Ce principe n’est cependant pas absolu et connaît quelques exceptions, notamment par exemple, lorsque la vente porte sur la fourniture « de services dont l’exécution a commencé, avec l’accord du consommateur, avant la fin du délai de sept jours ».

Désormais, le vendeur qui estime pouvoir bénéficier d’une des exceptions au droit de rétractation devra en informer préalablement le consommateur.
Si cette obligation va dans le sens d’une meilleure protection du consommateur, il aurait paru cependant judicieux de faire évoluer la liste des exceptions dispensant le vendeur d’accepter la rétractation.

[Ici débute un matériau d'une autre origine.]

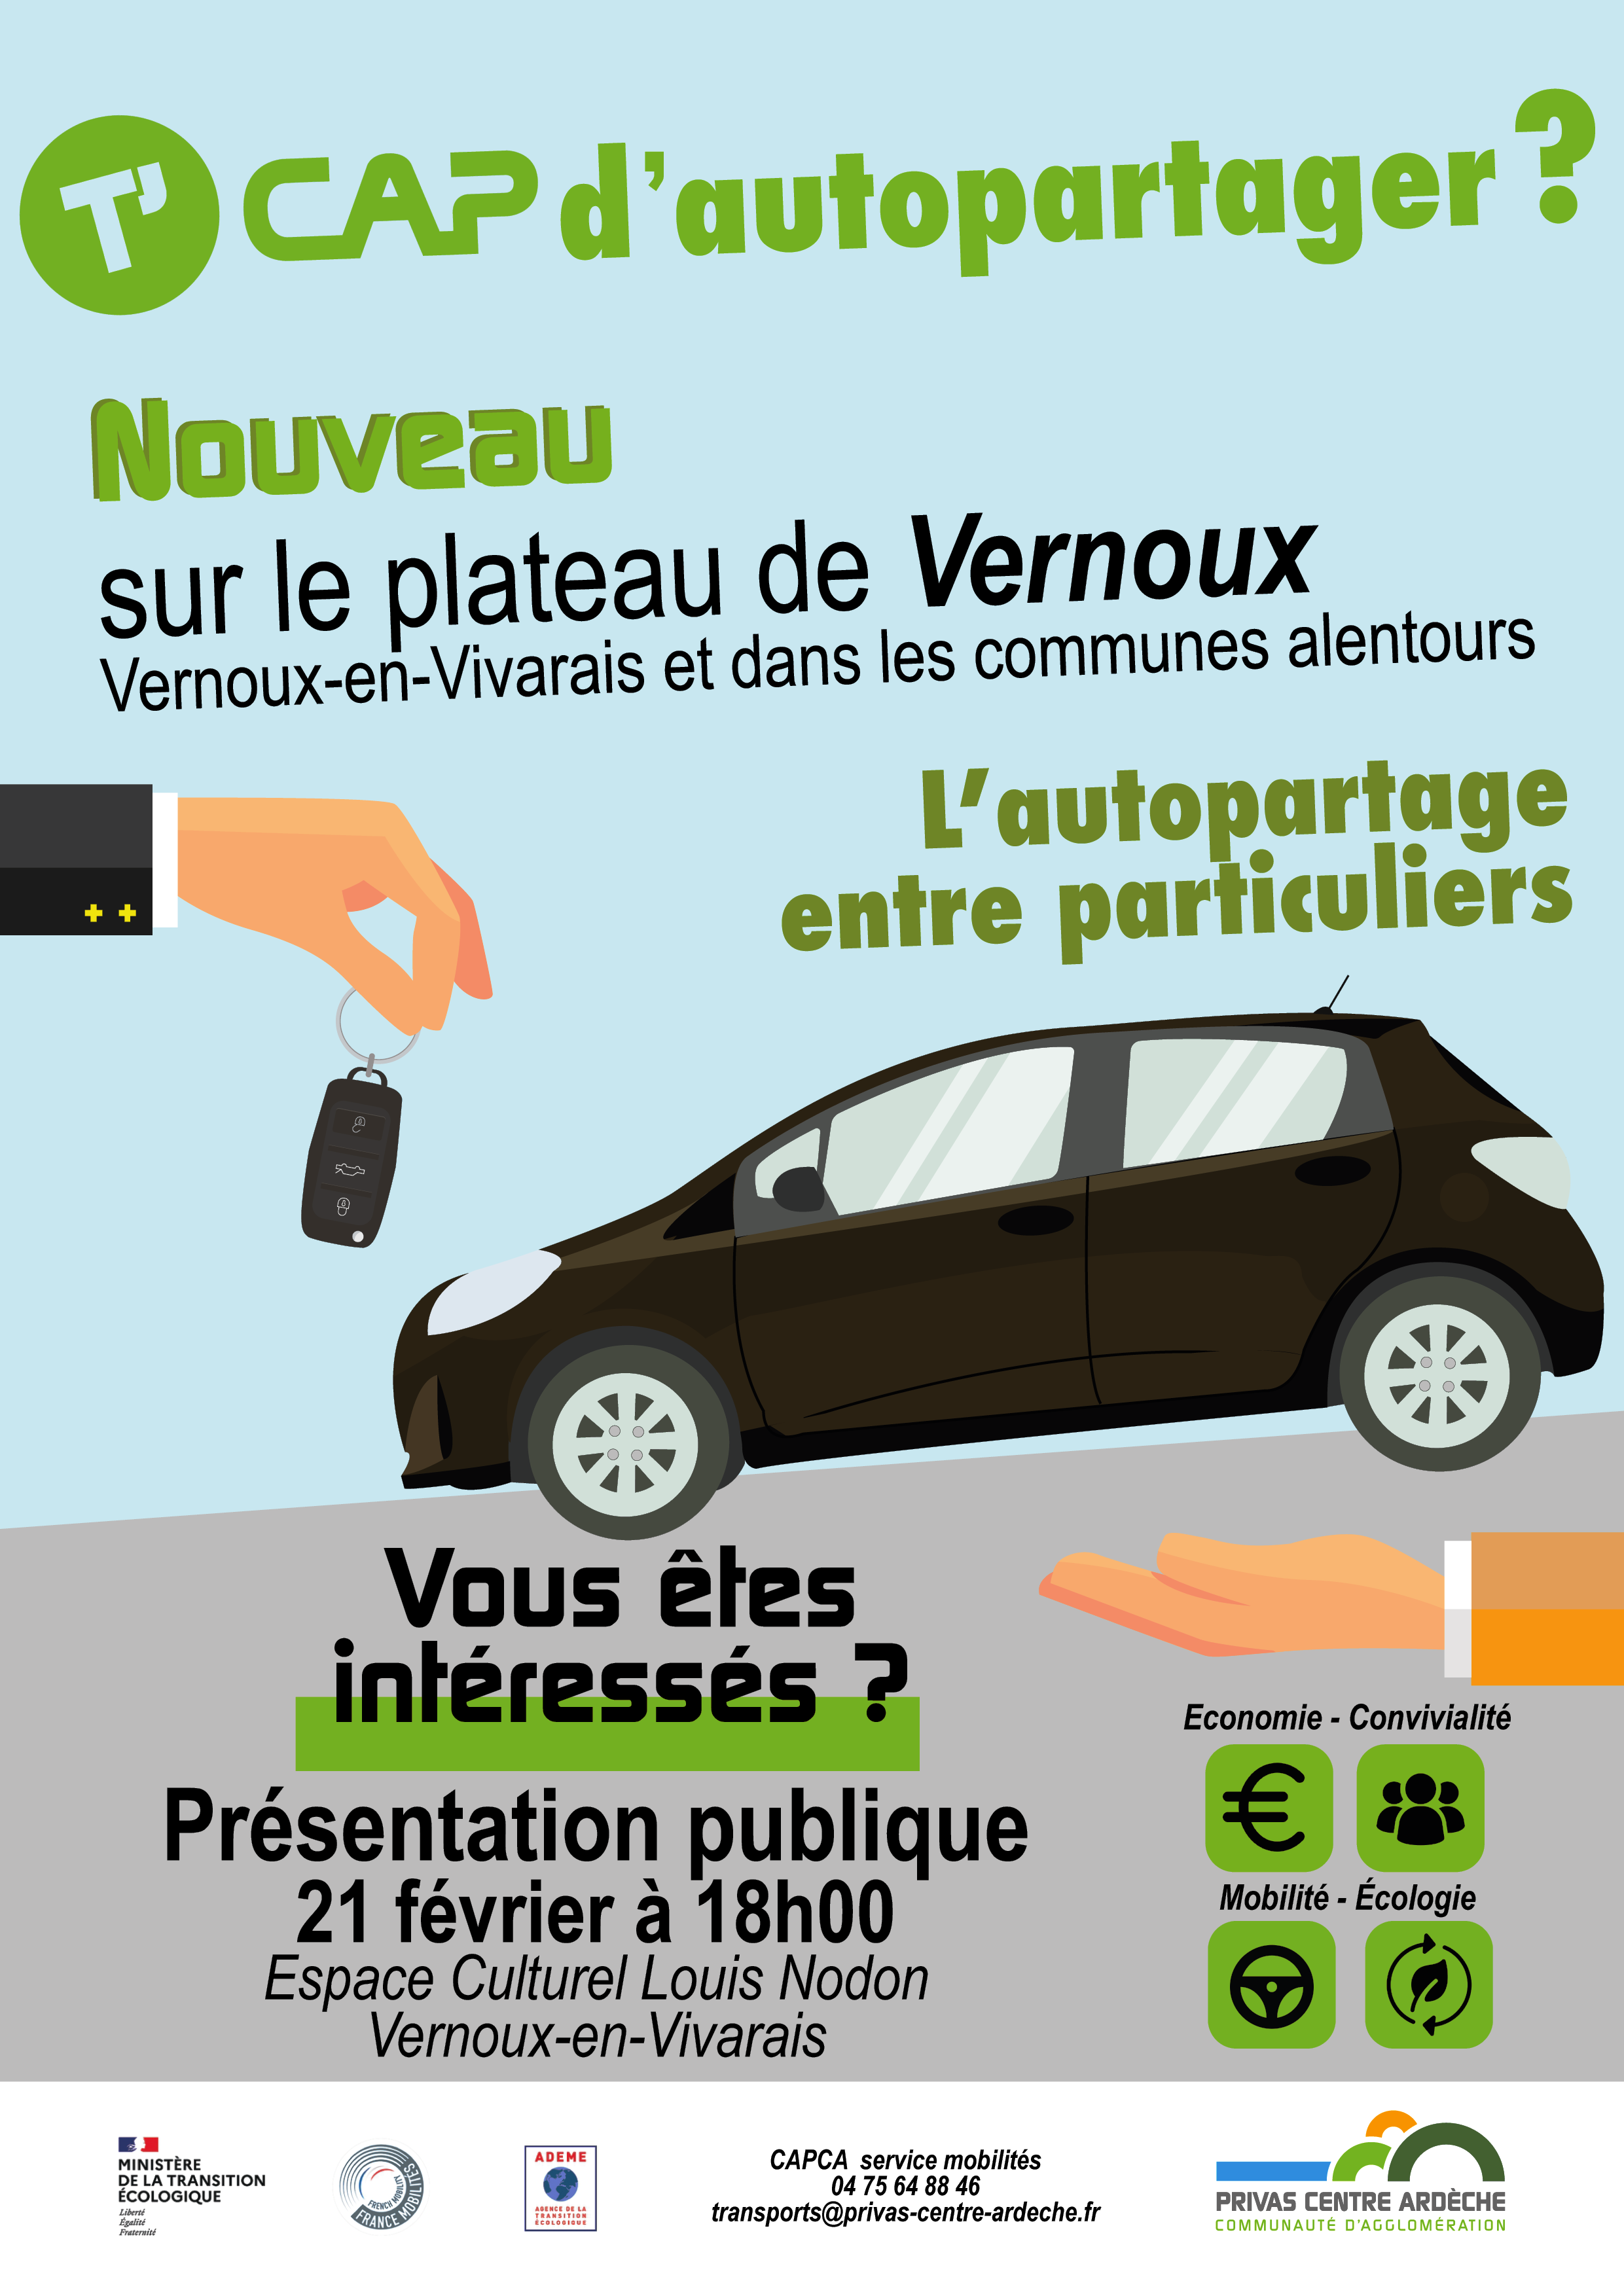 Events…Put it in your diary : Réunion publique de présentation du nouveau service d'autopartage entre particuliers sur le Plateau de Vernoux
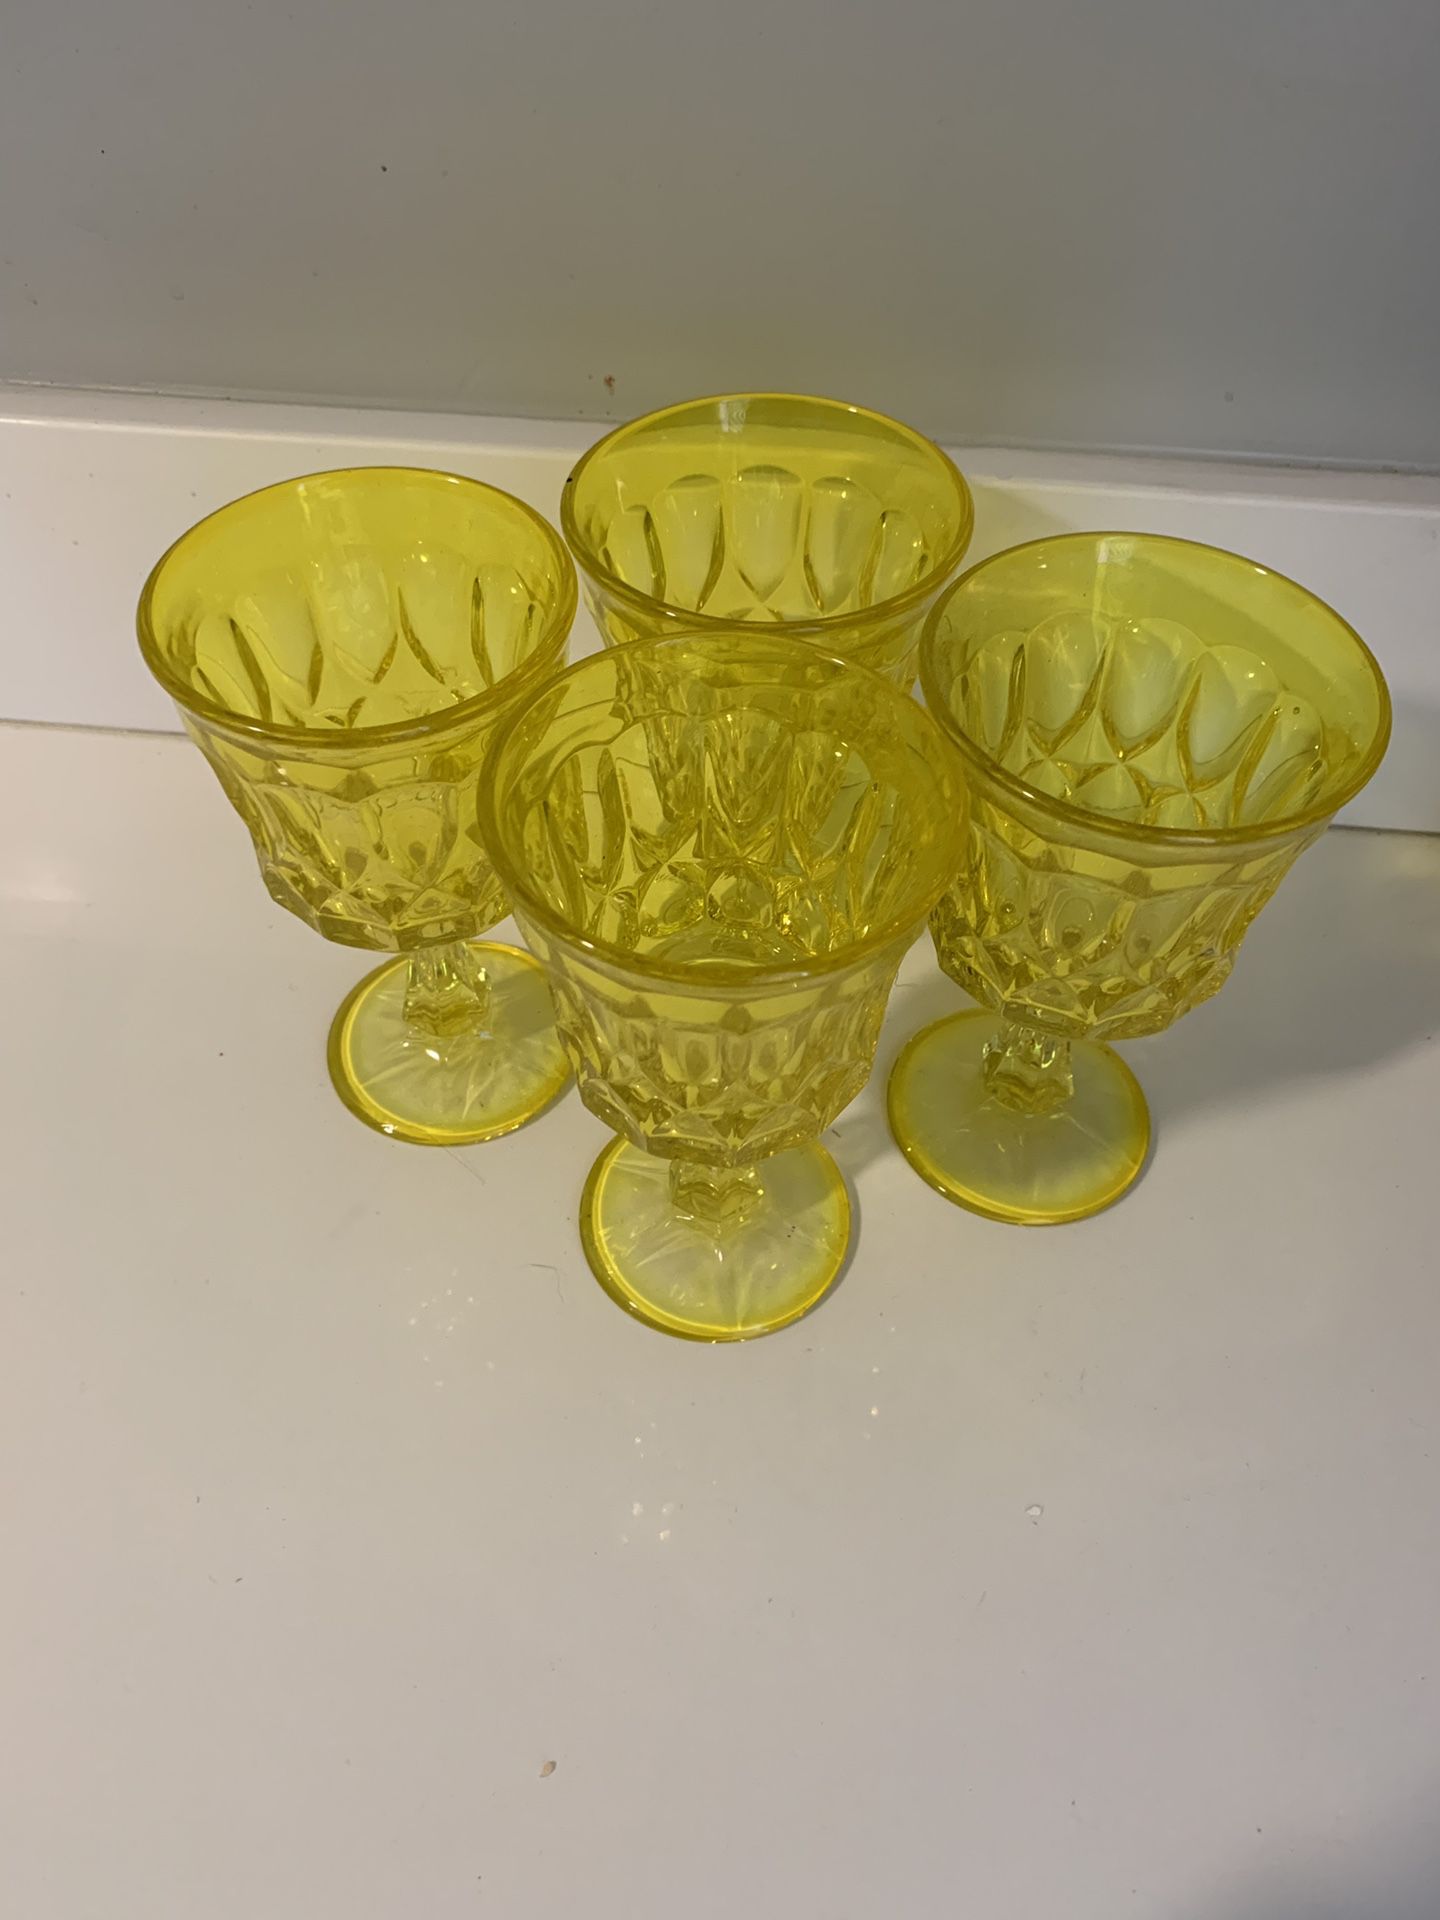 Uranium yellow glass.

Ainsi, aucune disposition spécifique ne s’applique à la vente par téléchargement qui connaît pourtant un essor considérable.

3. Divers

Parmi les autres nouveautés intervenues, on citera pèle mêle, l’obligation de faire figurer sur les conditions générales des coordonnées téléphoniques permettant d’entrer effectivement en contact avec le vendeur (et non pas avec un automate) et l’obligation de mentionner – quelle que soit la valeur d’achat – la date limite à laquelle le vendeur s’engage à livrer le bien.

Si ces deux obligations sont largement compréhensibles du point de vue du consommateur, le coût de leur mise en œuvre pourrait être prohibitif pour les petits acteurs de la vente à distance.

En effet, la présence de coordonnées téléphon
iques implique qu’une personne soit déléguée à la gestion des appels téléphoniques des consommateurs mécontents ou en quête de renseignements. Que cette personne soit salariée du e-vendeur ou prestataire de services, cela entraînera de toute façon un coût supplémentaire pour l’entreprise.
Quant à la mention d’une date limite de livraison, cela n’a rien d’anodin puisque en cas de non respect de cette date le consommateur pourra résilier la vente et obtenir son remboursement.

Lorsque l’on sait qu’en pratique, nombre de e-commerçants ne sont pas en mesure de contrôler les délais de la livraison confiée à un prestataire extérieur, on mesure toute la difficulté d’application de cette dernière disposition.

En conclusion, la loi Chatel censée améliorer la concurrence pour en faire profiter les consommateurs, risque avant tout de porter atteinte à la compétitivité des petites entreprises, qui devront affronter de nouveaux coûts et tenter de respecter une loi dont les dispositions sont pour le moins ambiguës.